As citizens rather than consumers, however, Americans do not have the luxury of picking and choosing how data are collected and used.

A MISGUIDED APPROACH

The Biden administration's proposed solutions to these problems — increasing information centralization and attempting to stop its loss through extensive new regulation — are unlikely to work.

In his first executive order on his first day in office, President Biden took steps to ensure that Americans are identified by race across federal datasets despite minorities' being generally less trusting of data linkages. In response, the Treasury Department has already imputed racial classifiers onto tax data. The administration then attempted to increase bank reporting requirements for accounts containing just $600. Firm opposition from Republicans, including Idaho senator Mike Crapo, Texas congressman Kevin Brady, and Georgia congressman Drew Ferguson, stalled that effort. But after this setback, the Democrats hit a home run for data centralization with the Inflation Reduction Act, which gives the IRS $80 billion for system modernization and clear orders to ramp up data-driven tax enforcement.

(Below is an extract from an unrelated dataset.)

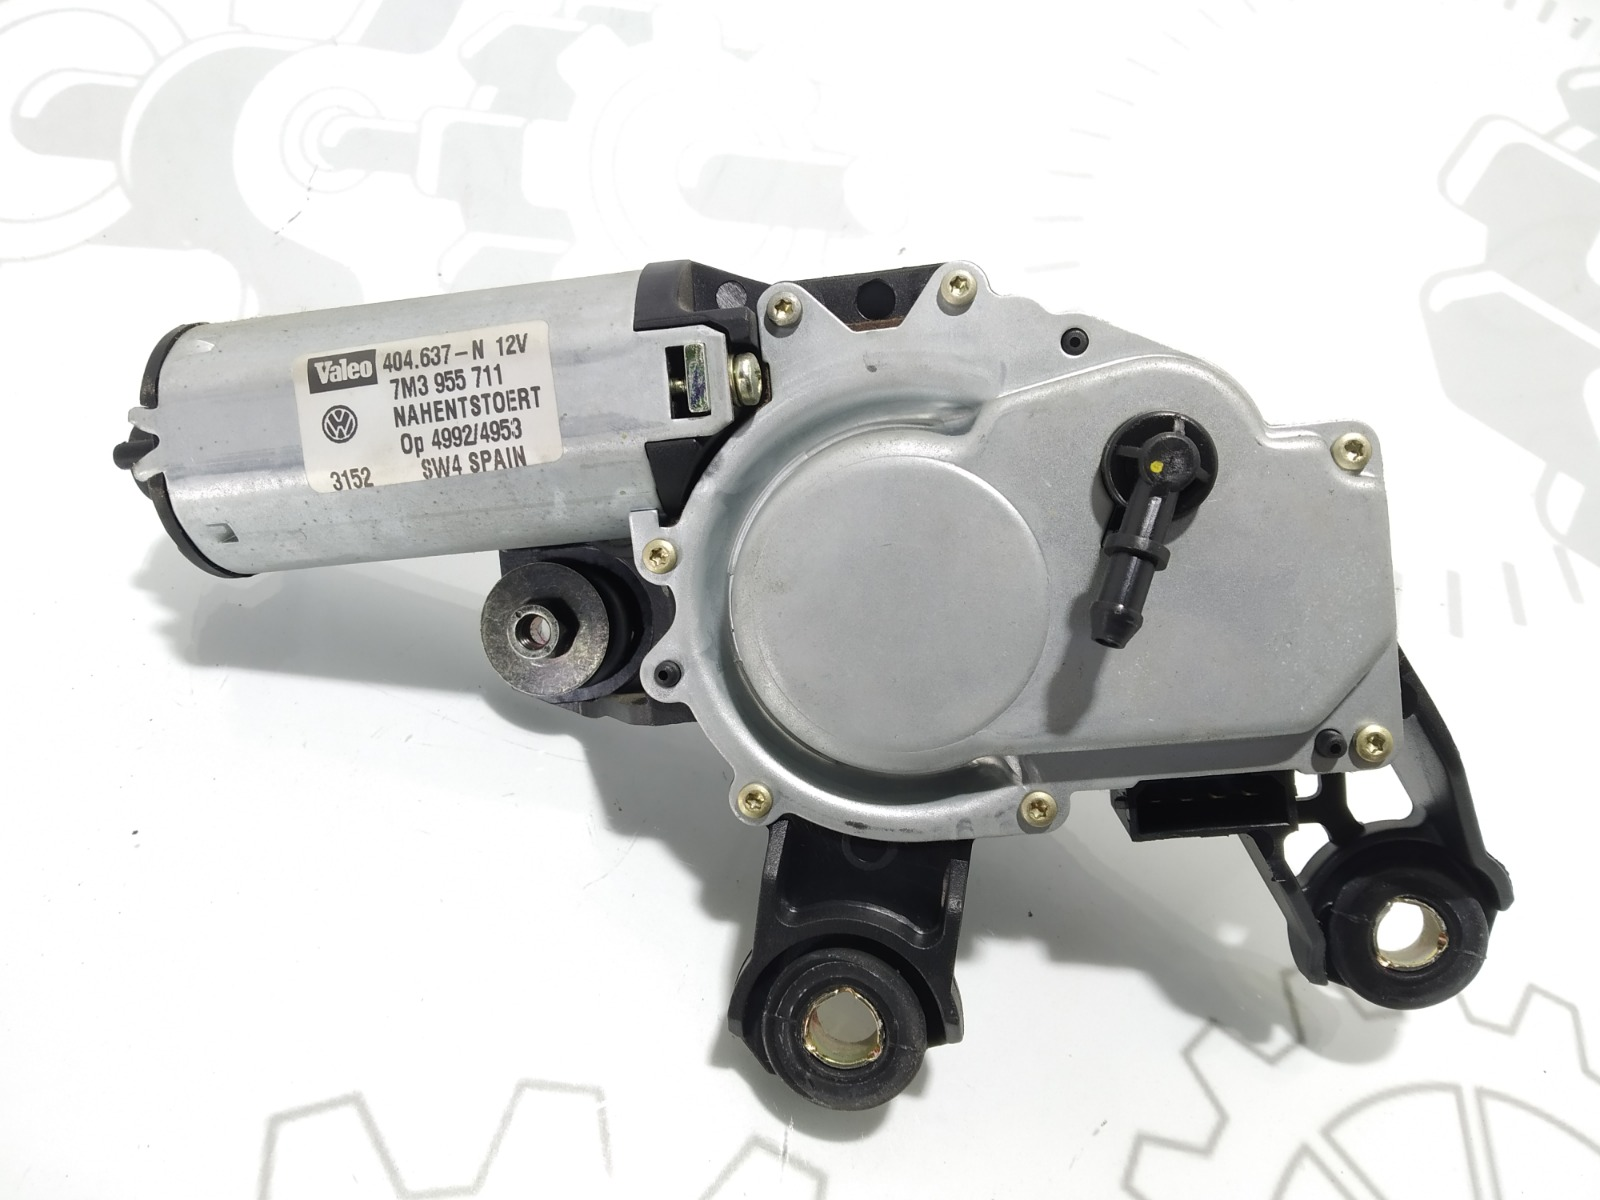 Моторчик заднего стеклоочистителя (дворника) Seat Alhambra 1.9 TDI 2002 (б/у)

From a technological perspective, the IRS expansion is also fraught because no funds are allocated for the maintenance or the improvement of the legacy systems that are currently in use and will be for some time. Rather, funds are only provided to modernize the system. If anything, the turmoil of the transition may increase the odds of leaks in the short term.

Meanwhile, the administration's 2023 budget proposal called for numerous new policies that would dramatically increase data requirements for even basic tax enforcement to succeed. One of these calls for a minimum tax on income for Americans with measured wealth of over $100 million, where "income" is redefined to include unrealized capital gains. Executing this proposal would require the IRS to take new measurements and evaluate liabilities and assets every year in order to avoid sticking taxpayers with massive default liabilities based on assumed rates of return. The budget would also widely enhance reporting requirements for digital assets and bank accounts, both foreign and domestic.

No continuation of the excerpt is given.